Data excerpt:
####
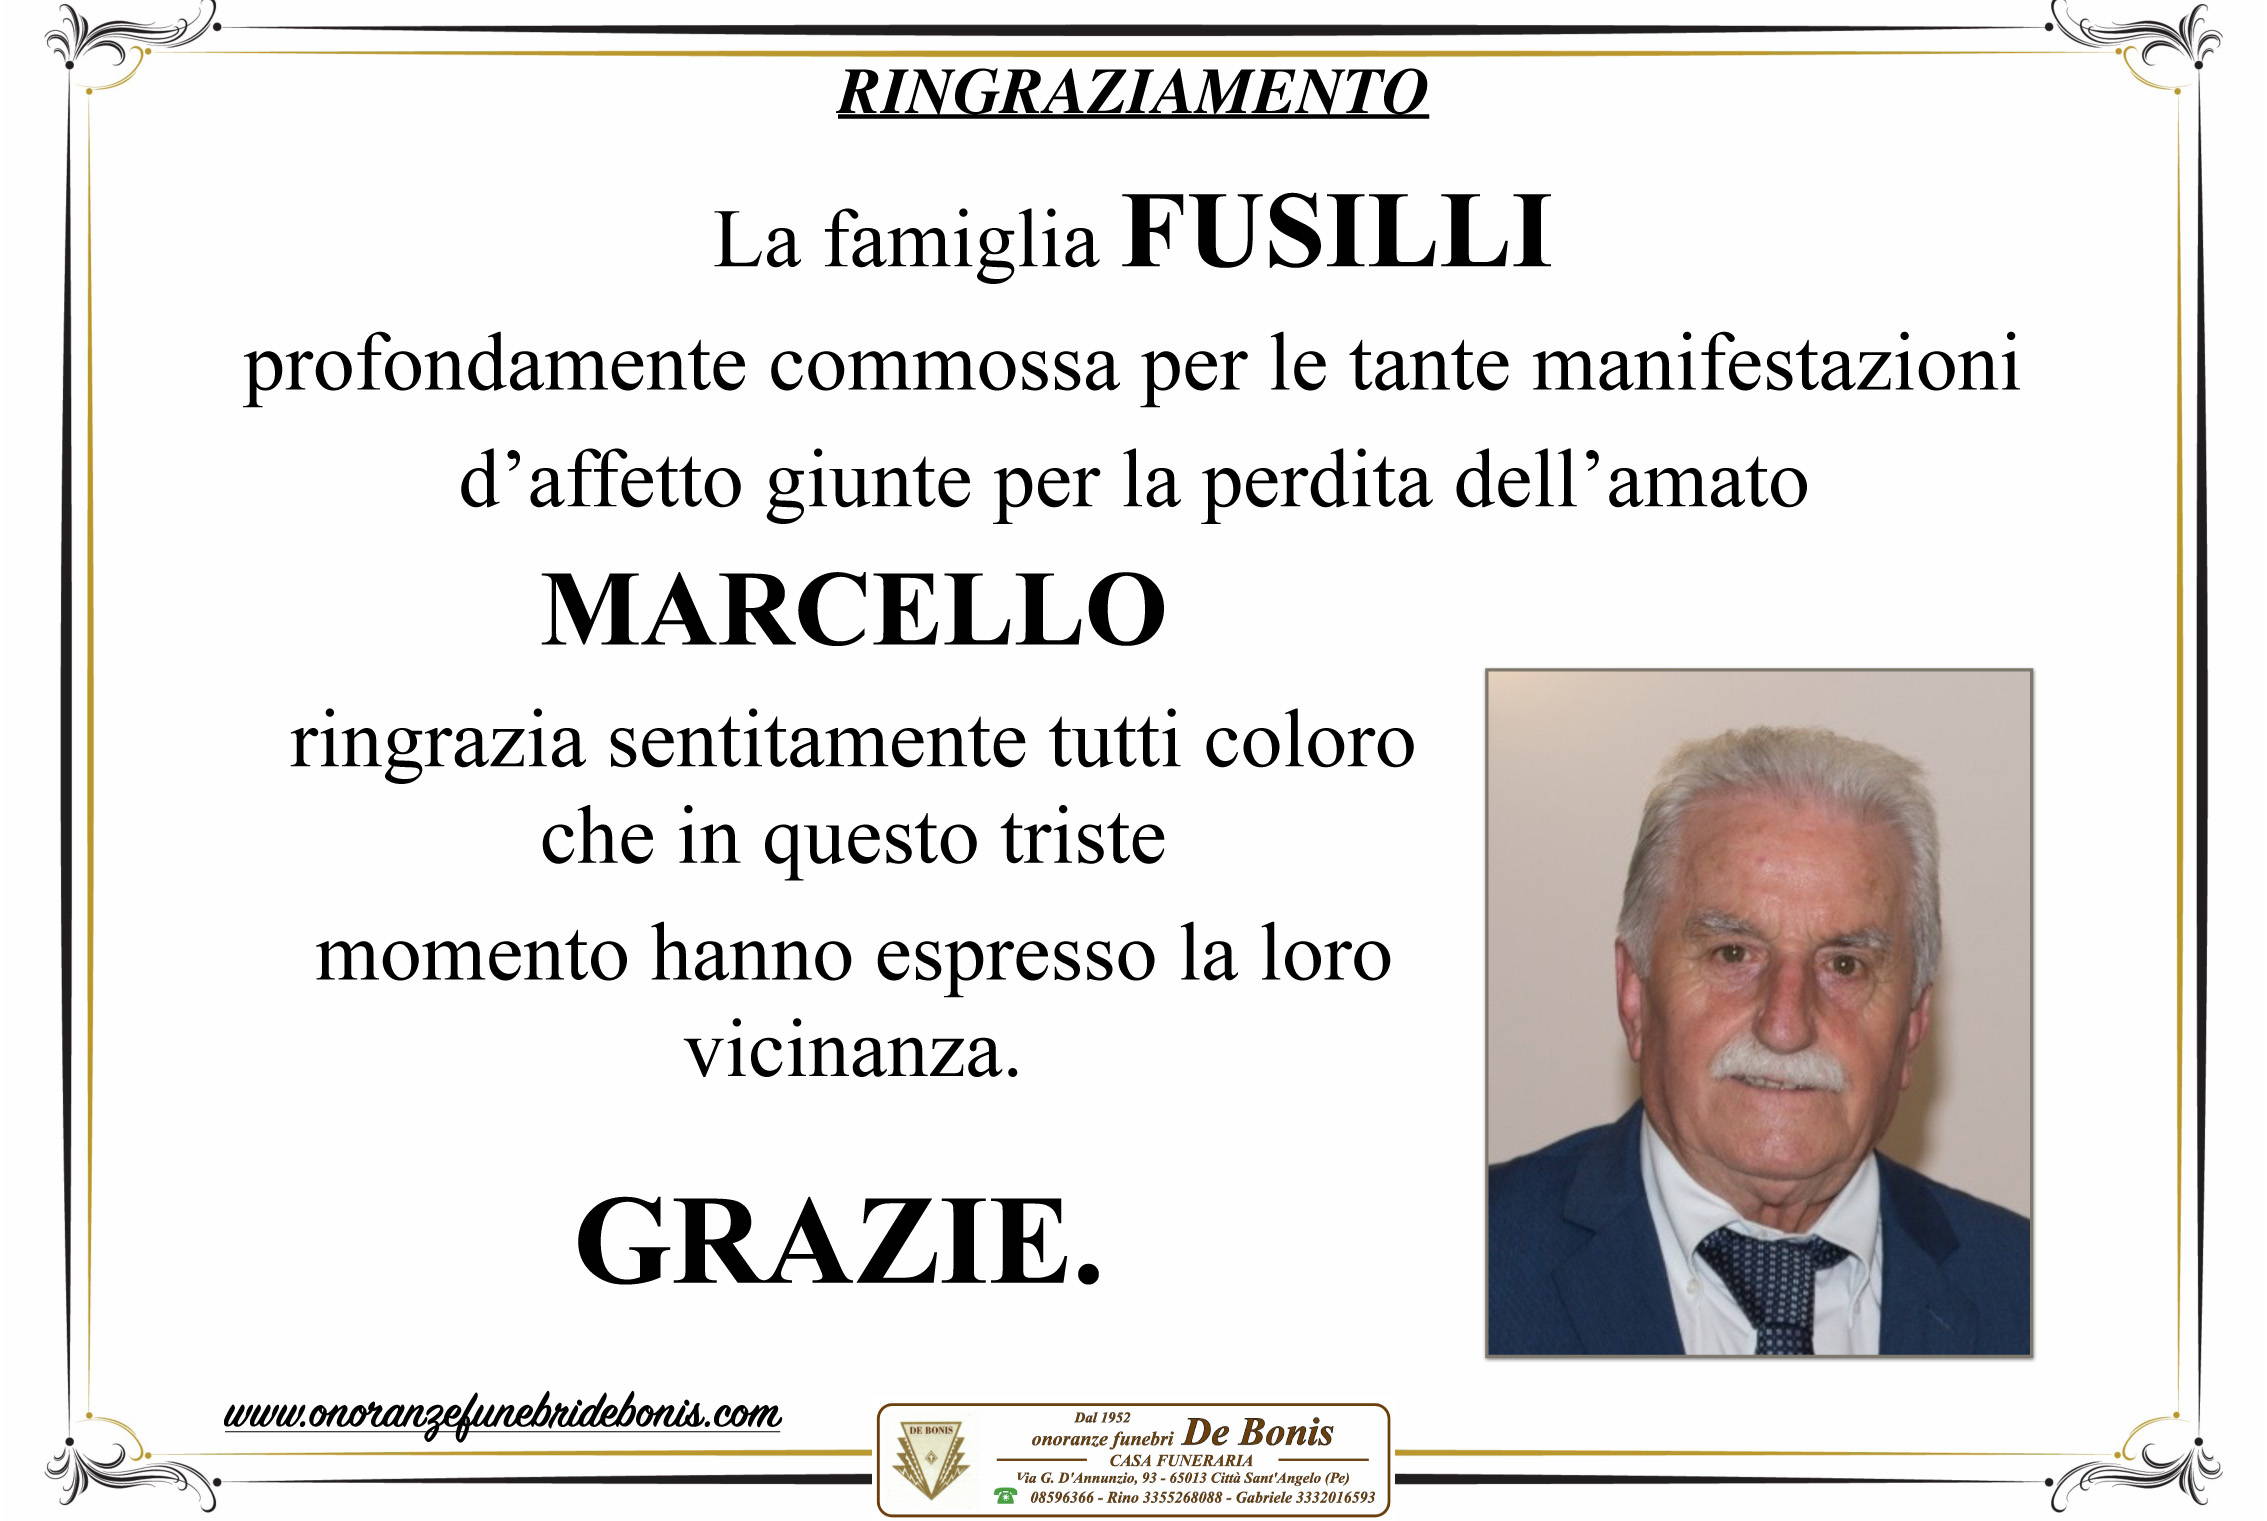 Marcello Fusilli
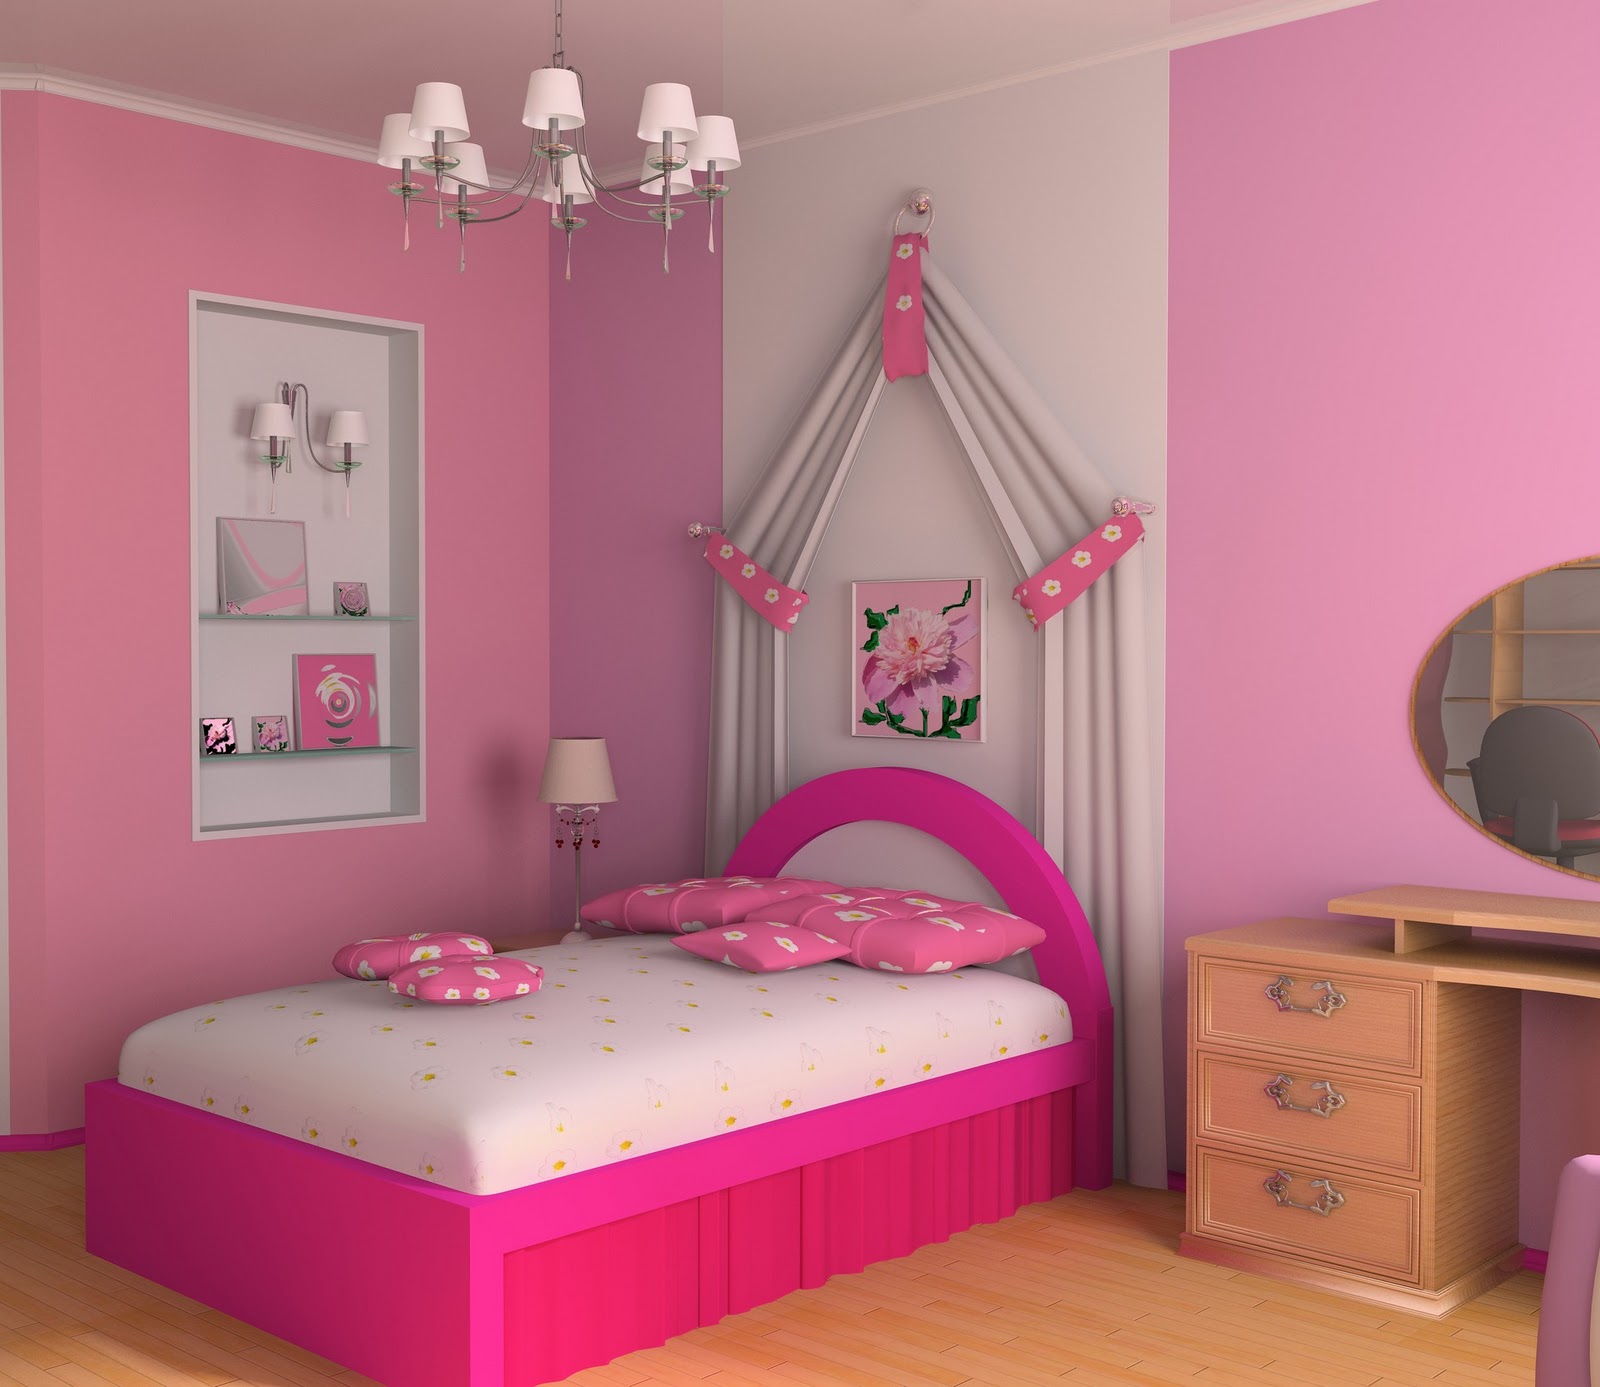 Сделай 1 розовым. Розовая комната для девочки. Розовая спальня для девочки. Самые красивые комнаты для девочек. Спальня для девочки в розовых тонах.
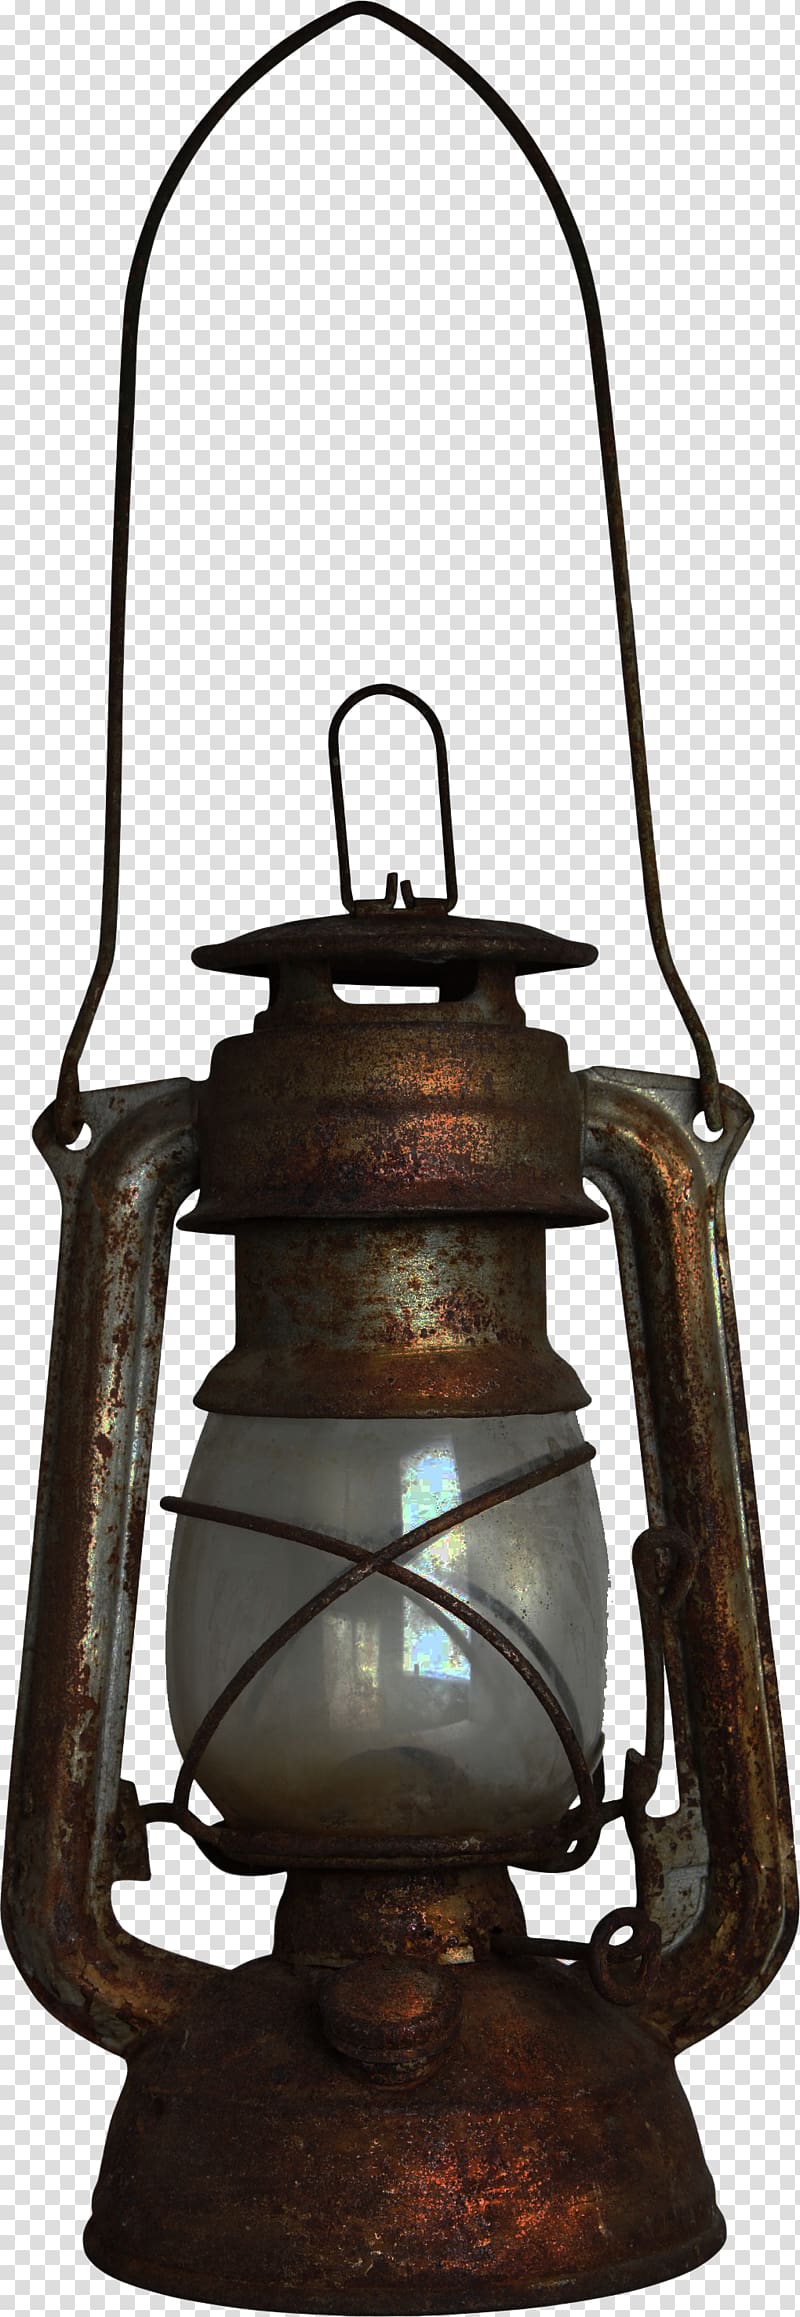 brown tubular lantern illustration, Light Oil lamp Kerosene lamp Lantern, Oil lamps transparent background PNG clipart
####
Work required:
Nothing but the text of the listing should be set down, exactly, with the pictures left behind.

Answer to the exercise:
 Marcello Fusilli
 Сделай 1 розовым. Розовая комната для девочки. Розовая спальня для девочки. Самые красивые комнаты для девочек. Спальня для девочки в розовых тонах.
 brown tubular lantern illustration, Light Oil lamp Kerosene lamp Lantern, Oil lamps transparent background PNG clipart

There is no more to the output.